Interesting piece though I disagree with a couple points. First and foremost, the term Doctor is an academic title, not an indication of one's profession; in contrast the term physician (or nurse practitioner, or audiologist, or physical therapist) is applicable to a profession. Second, it is not ego or arrogance that leads to proper titling, it is the ongoing effort to stop discounting care provided by nurse practitioners (for example, I expect nurse practioners to be addressed as Mr./Ms. xxxx in any environment that their colleagues are addressed as Dr. yyyy, and upon earning a doctorate I will expect they should be addressed as Dr. xxxx; in contrast where everyone goes by first name, I have no issue with being addressed in that informal way); it is an issue of collegiality. Finally, the issue of using the term doctor by a nurse is problematic for physicians in a way that is not seen with chiropractors, psychologists, or optometrists - why? I submit that it is because physician ego is such that they believe nurses are, or should be, submissive to the whim of the physician in a way that other professionals are not. The issue is not patient confusion, it is an issue of physician ego and 'turf'. Nobody is claiming that a DNP is the same as an MD but then neither is a PsyD, EdD, PhD, DPT, or PharmD. There are differences in training, philosophy, expertise in each of these areas but that does not make one 'less than' another.

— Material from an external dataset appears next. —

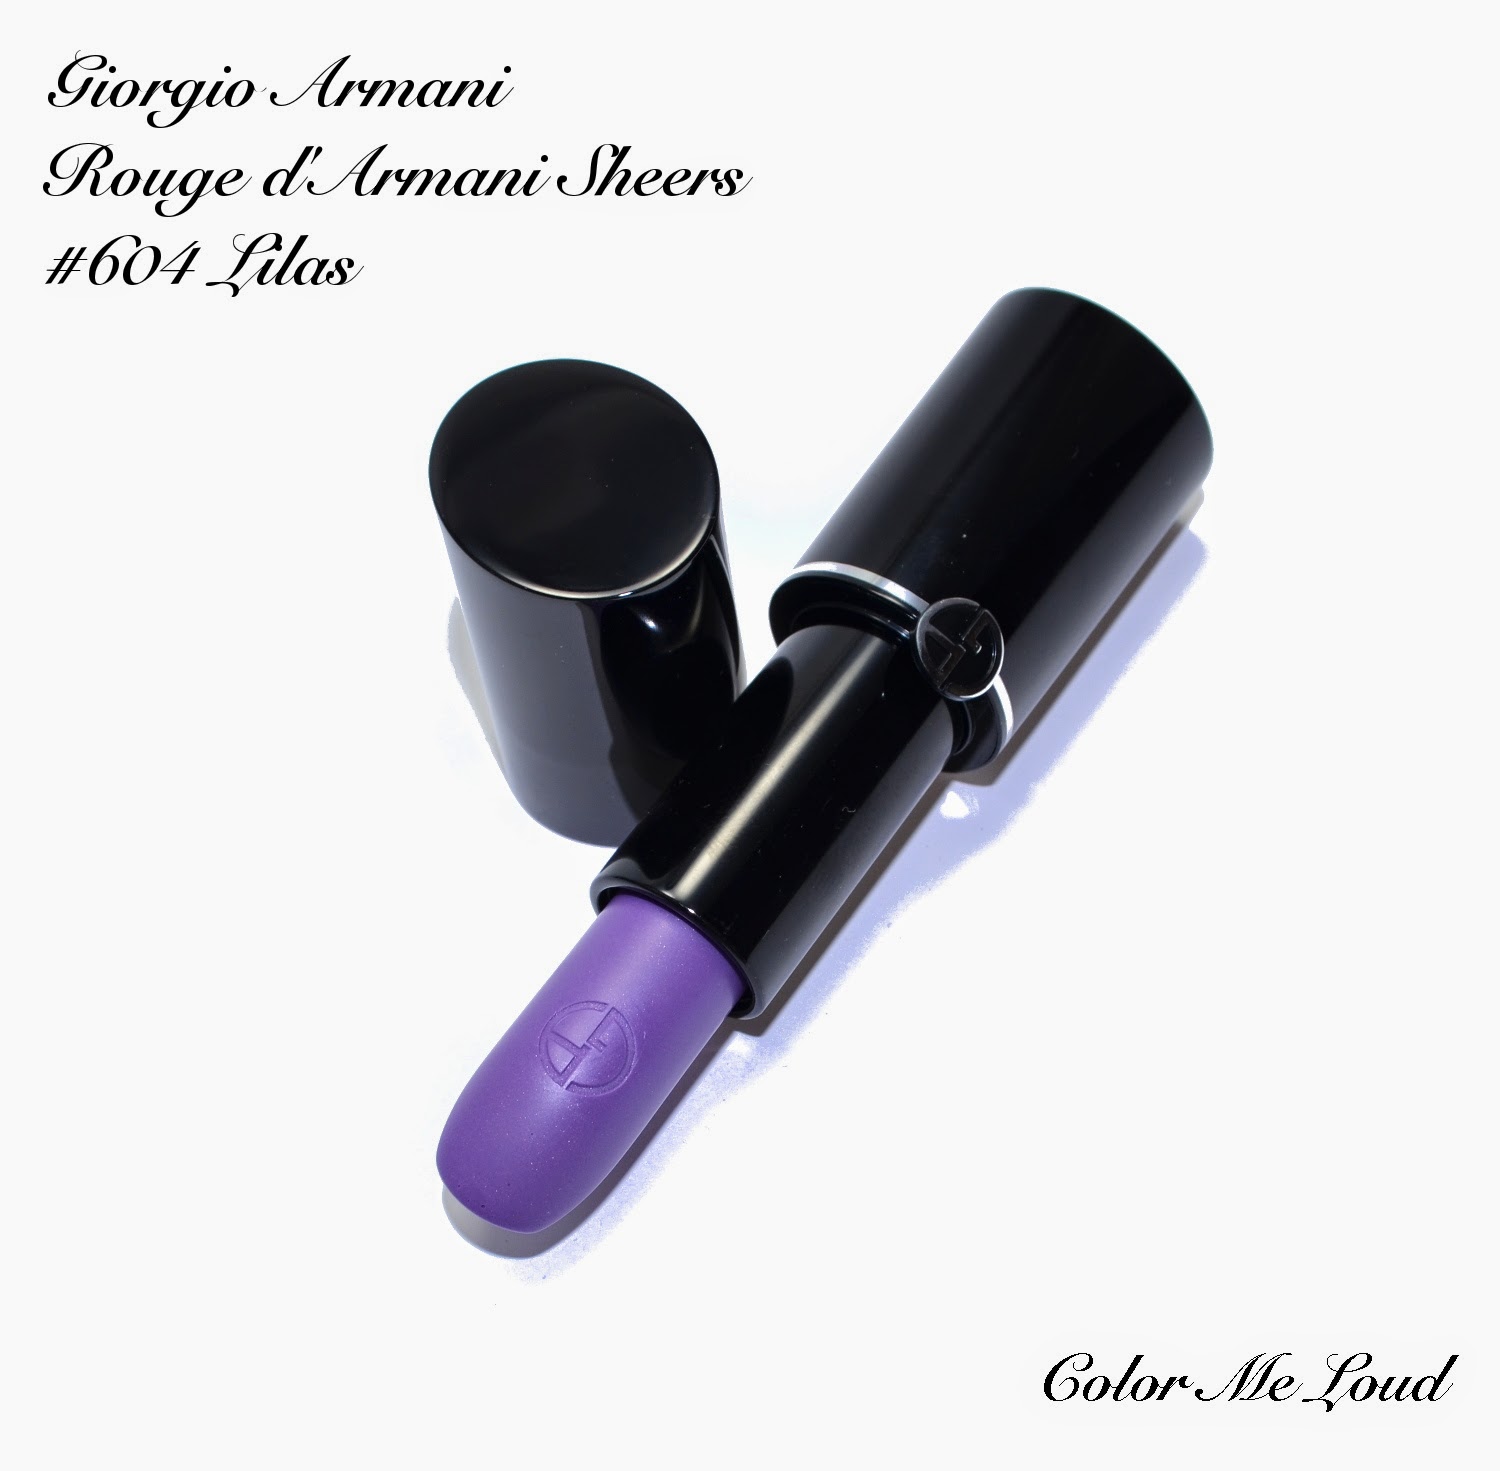 Giorgio Armani Rouge d'Armani Sheers #604 Lilas from Bright Ribbon Collection for Summer 2014, Review, Swatch & FOTD  
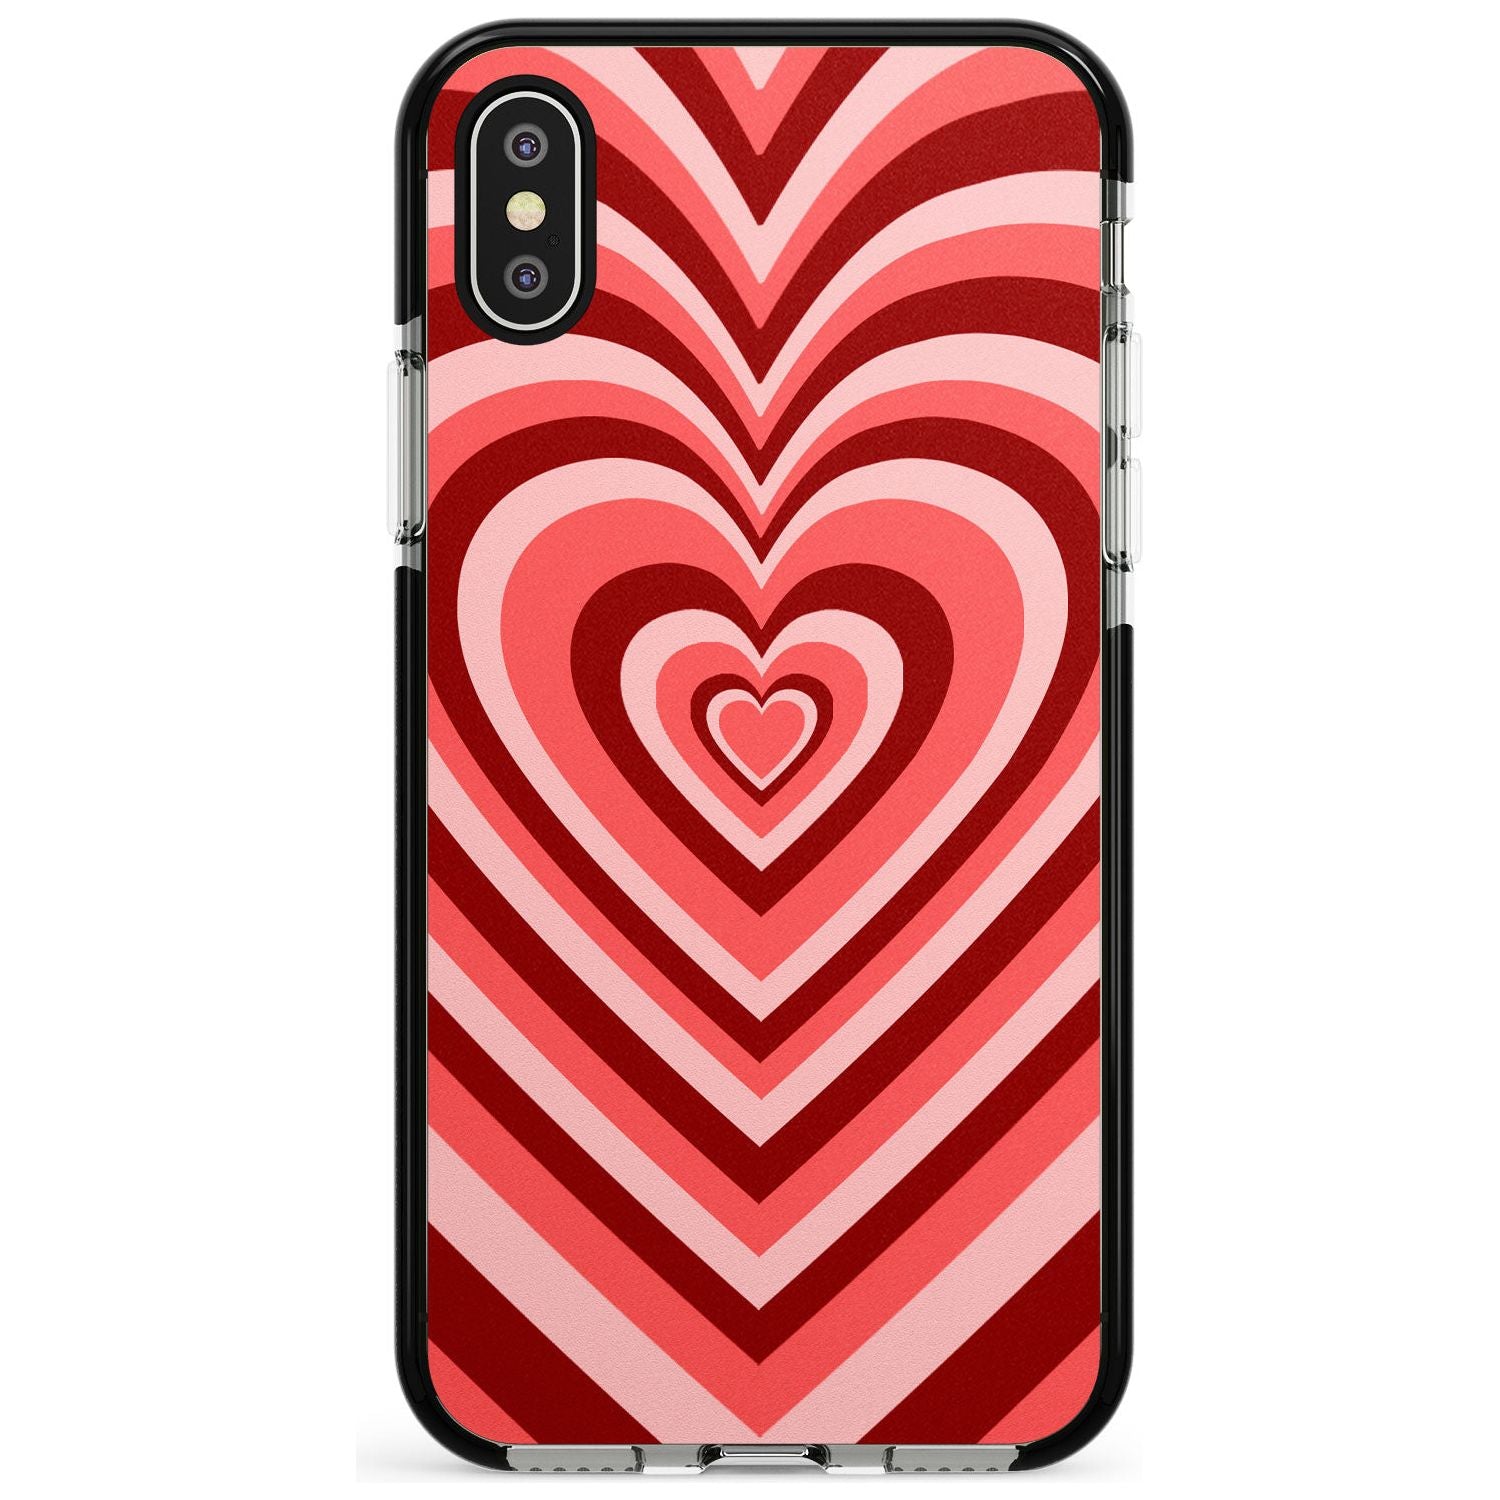 Red Heart Illusion Black Impact Phone Case for iPhone X XS Max XR

Anonymous, you can tell people to call you whatever you want.
However, do not fool patients and others into them thinking you are a medical doctor, if you are an NP. I have met different healthcare professionals who tell people they are a doctor and do not clarify. One NP was so arrogant she had the staff call her doctor, her terrible attitude had the opposite effect on her co-workers and they lost respect for her.
In my PCPs office there are several NPs, one calls herself a Dr. She actually wrote me an RX for something I am highly allergic to, I'm talking go to ER and be intubated for! What is it?...most RN,NPs I've seen have enough sense to read a chart. I'm retired from ICU and can't get thru to this woman...I think narcissistic is way beyond what I'd call her.She doesn't listen to the patient and she talks down to us, even those of us that are retired with the same RN background.
Dazed and confused to Dr A. S. FNP-C...
I am an NP and my PHd took almost 4 years. There is ultrasound tech with a PHd that everyone addresses as Dr. __ and of course is a male. I am female, and I am Mrs.
I can say many horror stories about physicians and surgeons but I am not going there. A doctor title given by any university is to be respected and used by the person who earned it.So a DNP should introduce herself and insist others to call her a doctor rightfully. I can tell you why nurse practitioners are equal or better providers:
1. Medical model has made this country to have most expensive and least effective healthcare system contributed by physician greed.
2. NPs do not prescribe controlled substances to increase revenue and patients
3. Take time to listen and provide optimal care with more health education and less prescriptions.
4. A nurse practitioner will take due care of you if you have insurance or not because of the nursing philosophy of caring for everyone.
So it is time to wake up to the reality and go to a nurse practitioner if you want to live a healthy long life.